Заканчивался первый день войны. Я в тяжелом раздумье смотрел на солнечные блики, которые еще разрезали [59] серую мглу на западе. Ко мне подошел Борис Соломатин.

- Ну что, друг? О чем думаем? - тихо спросил он и продолжил: - Знаю о чем. Как это могло случиться? Случилось, Дима. И впереди будут тяжелые бои. И к этому мы должны быть готовыми.

- Будем готовы, Боря, - ответил я другу.

Мы посмотрели в небо. На западе с каждой минутой горизонт становился темнее, но светлый луч заходящего солнца продолжал резать небосклон, как символ победы света над тьмой.

Чтобы победить в начавшейся войне, потребовалось еще 1417 ночей и дней, наполненных кровопролитными боями на земле, на море, в пылающем небе.

Идем на смертный бой

В октябре 1941 года писатель Борис Горбатов написал небольшое, но сильное по своему душевному накалу письмо солдата к товарищу. Оно было опубликовано в газетах, называлось «О жизни и смерти». Были там такие проникновенные слова:

«Товарищ!

Сейчас нам прочитали приказ: с рассветом - бой… Очень хочется жить. Жить, дышать, ходить по земле, видеть небо над головой. Но не всякой жизнью хочу я жить, не на всякую жизнь согласен… Я иду в бой за жизнь. За настоящую, а не за рабскую, товарищ. За счастье моих детей. За счастье моей Родины. Я люблю жизнь, но щадить ее не буду. Я люблю жизнь, но смерти не испугаюсь. Жить как воин и умереть как воин - вот как я понимаю жизнь… Это наш смертный бой».

Я привел эти слова, потому что они были созвучны [60] мыслям моим и товарищей моих. Тот июньский солнечный день, первый день войны, стал для нас началом смертного боя.

За все, чем жили мы вчера,

За все, что завтра ждем{1}.

Все оставшиеся июньские дни мы по нескольку раз в сутки поднимались в воздух, защищая наши войска, которые отступали.

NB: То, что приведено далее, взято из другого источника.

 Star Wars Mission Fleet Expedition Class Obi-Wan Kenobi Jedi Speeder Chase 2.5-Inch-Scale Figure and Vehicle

Шел третий день войны. Мы получили приказ о перебазировании. Чуть зарделась заря, когда капитан Гейбо (он принял командование полком) собрал руководящий состав для краткого инструктажа. Мы еще не успели разойтись, как последовала команда:

- По самолетам!

Поступил сигнал: на восток летела воздушная армада гитлеровцев. Самолеты полка взлетели в считанные минуты. Мое звено должно было прикрывать атаку истребителей. Первым ее начал Гейбо. Дерзко рассек он строй фашистских бомбардировщиков. Один из них задымил и резко пошел к земле. В этот момент на помощь бомбардировщикам врага подоспели двенадцать «мессершмиттов».